Wednesday, December 12, 2012

What it Comes Down To

I've just gotten off the phone with Dr. Noam Chomsky. For an upcoming book on education tentatively entitled IMAGINE: Visions of What School Might Be, I had the chance to interview Dr. Chomsky, and it was a powerful experience--made even more powerful by the fact that I was calling on a tiny little Magic Jack device that helped me place the call from York, England to Cambridge, Massachusetts and only once during the 25-minutes did the device go haywire and almost hang the call up. Crisis averted, and our discussion was inspiring.

After recently finishing Diane Ravitch's utterly compelling and deeply important book, The Death and Life of the Great American School System, I have become more and more excited about the revival of the American Public School system.

Sure, it looks bleak right now, with market-based principles and privatization rampantly encroaching on a basic human right of children. Billions have been spent pressuring teachers to narrow their curriculum so that high-stakes testing becomes the sole focus on schools. What is lost is love of learning, authentic growth, development as citizens, the values of compassion, and the ethic of collaboration.

And yet, we're still standing as a crossroads. Even with the heavy financing of powerful foundations to pressure both the federal government and state governments to work towards competition and market-based principals in schools, somehow, the public school system remains undaunted. Even with vociferous attacks on teachers and teacher unions--media and Hollywood providing the microphones--the public schools system holds as its steadfast mission to reach and teach all children: not just those who can provide better test scores. But the children in special ed programs, the English Language Learners, those with severe behavorial issues--all children.

As a young high school student, I remember watching Morgan Freeman in the film Lean on Me. Originally, I was riveted by Freeman's portrayal of real-life principal Joe Clark. After all, he was tough. He did the dirty work of getting rid of all the "bad" kids. Gathered them on stage and kicked them out so that he could inspire, motivate, and teach the kids who really wanted to learn.

Right on! And, obviously, the media loved the figure of Joe Clark enough to make a movie about him.

These many years later, however, I see the film in a new light. For the first time, I am asking, What happened to all those 'bad' kids? Where did they go? If they were kicked out of public school, then what?

And when I think of similar get-tough figures from our current era--like Michelle Rhee and Joel Klein--an interesting trend asserts itself. We glorify those leaders who talk tough and place blame. Whether it's the bad kids in Joe Clark's Eastside High or the underperforming teachers in Michelle Rhee's District of Columbia, we find outlets to praise those who talk tough and point fingers.

And yet: a stubbornly troubling fact asserts itself. If we blame the bad kids and get rid of them, and if we blame the bad teachers and get rid of them--but the system still doesn't improve, what are we left with?

We find ourselves, then, where we should be beginning anyway: by examining the system itself.
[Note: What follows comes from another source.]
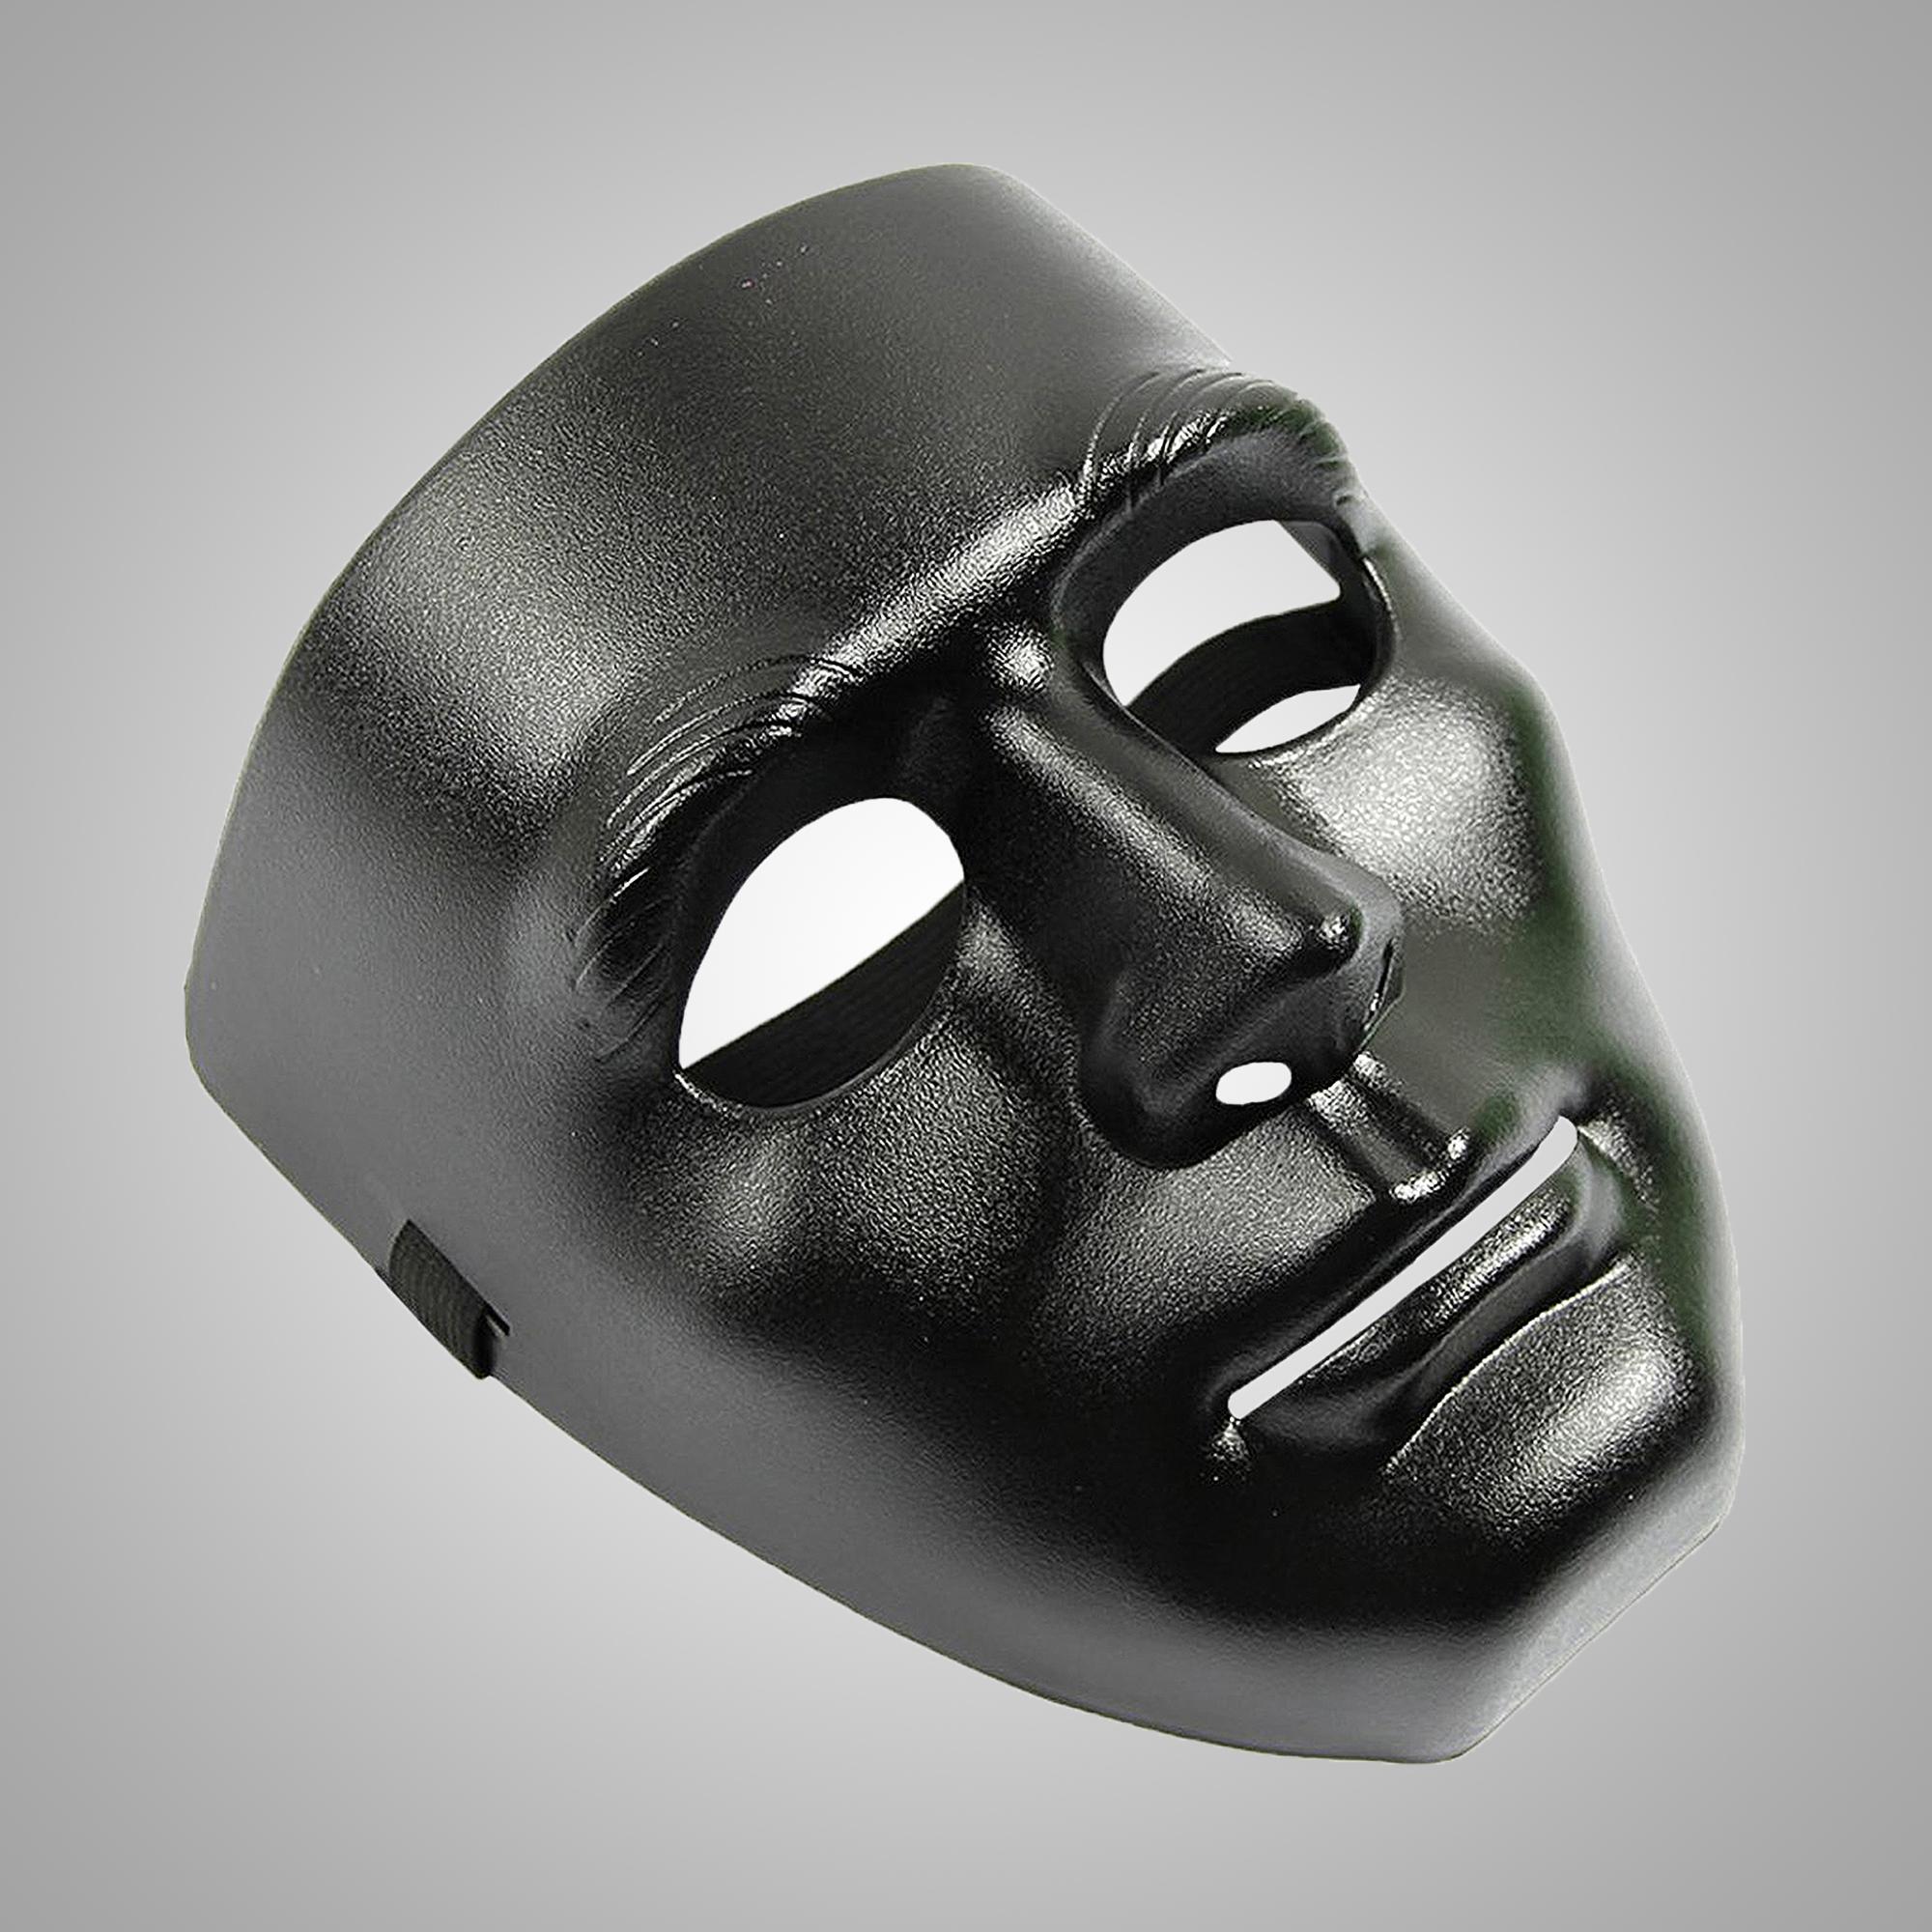 hard attakk mask - misc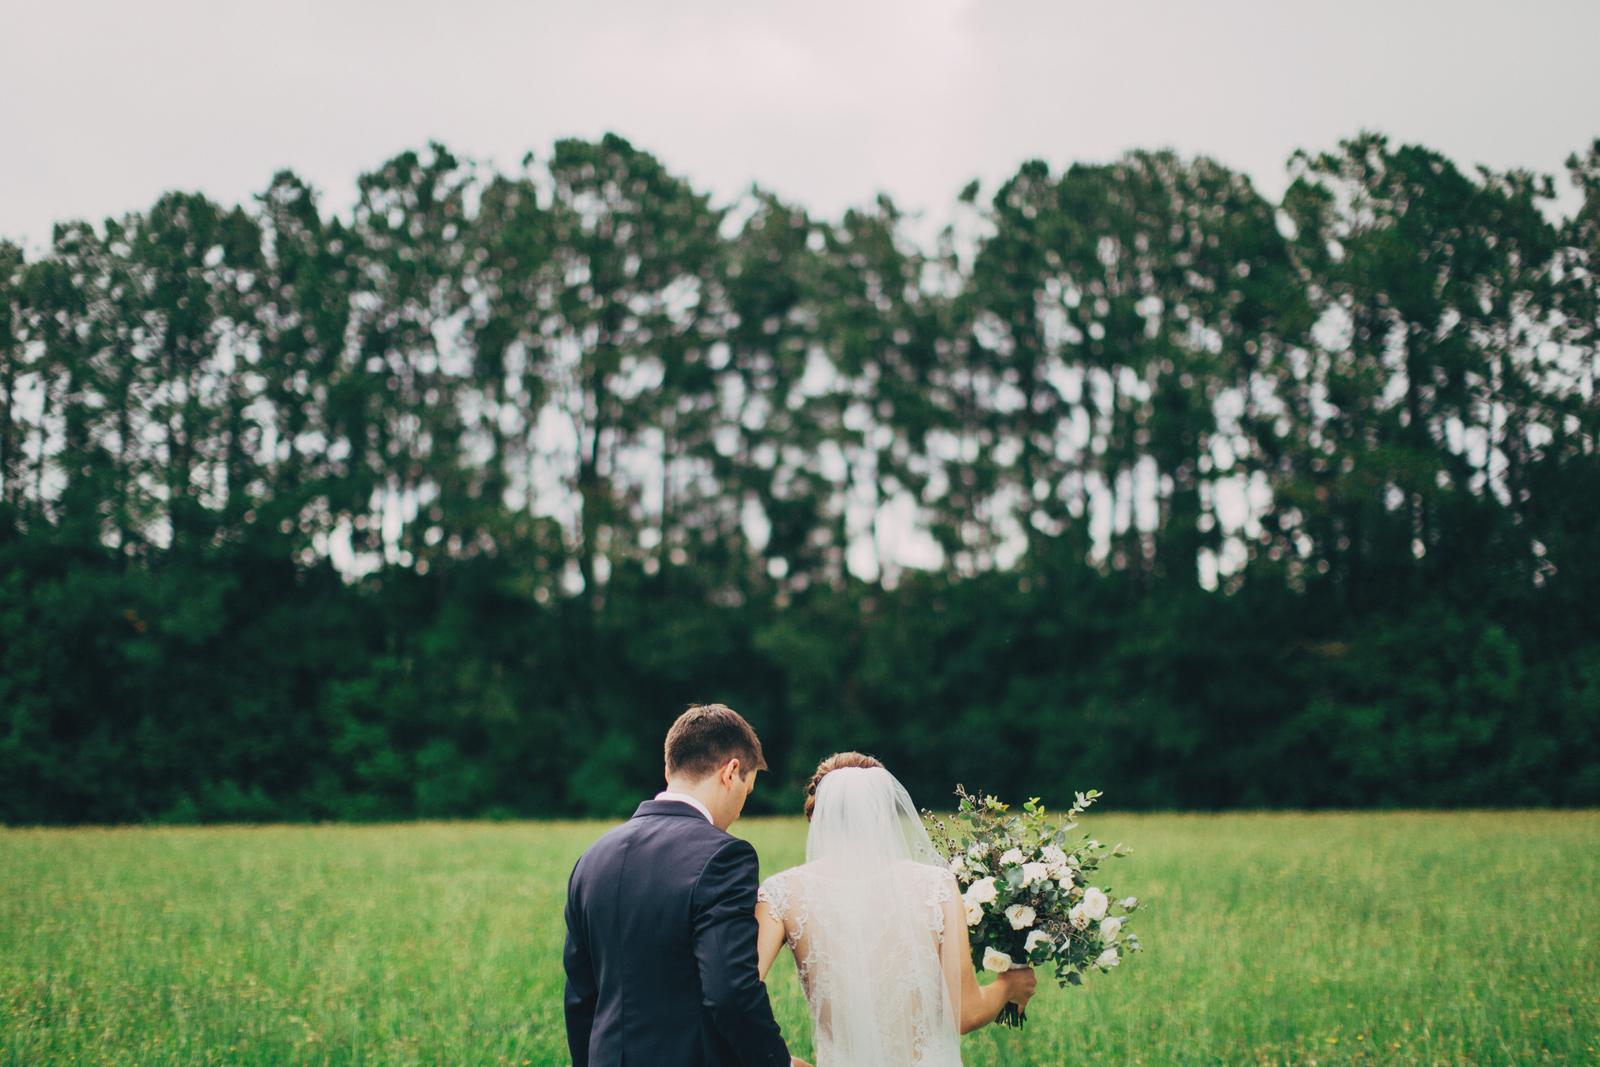 Hilary-&-Darren-Married---0456

How can we truly expect public schools to thrive when funding is based on unequal measures--so that students in poor areas consistently receive vastly lower funding and vastly larger class sizes than students in affluent areas? (This was documented in great detail by Jonathan Kozol in his heartbreaking book Savage Inequalities two decades ago. The book was promptly praised by the press, then promptly ignored by policy-makers and today, that system of unequal funding is largely unchanged.)

How can we truly expect public schools to thrive when teachers are being pressured constantly to raise test scores, thereby spending vast amounts of class time teaching students test-taking skills that will become wholly meaningless skills after they leave high school. Where in the workforce or larger world community do people ask us to take multiple choice tests to prove our worth, abilities, or work ethic? Nowhere. We reveal and demonstrate these qualities via our social interactions, experiences, collaborations, and projects.

How can we truly expect public schools to thrive when we underfund them, overload teachers, pressure leaders to get test results, do nothing to change the status quo of the plight of those in poverty, and then hand 30 students to a teacher and say, get results?

Instead of brow-beating and pointing fingers, this is a time to support students and teachers alike: smaller class sizes for all teachers, increased autonomy and ability to be creative and interactive in classrooms, instead of narrowing the curriculum to focus on standardized test-scores, open it up to possibilities for authentic learning motivated intrinsically. Create ways to help those students with behavioral issues to change and learn new skills rather than kicking them out to the streets. Welcome all students--not just those privatization would encourage us to welcome because they represent possible rises in test scores.

Tonight, one of the things that most moved me about what Dr. Chomsky shared was his response to a question about switching the current trend in education, and some of his answer is a fitting way to close:

The public school system is based on the idea that we do care about other people. That’s what it comes down to. Charter schools undermine the public schools, and the other problem is that schools are very much underfunded, and if you want to destroy a system, underfund it and then people will say we’ve got to privatize it. As an example, when Margaret Thatcher wanted to destroy the public transportation system in Britain, she underfunded it, then she privatized it. That’s what is happening with the schools now.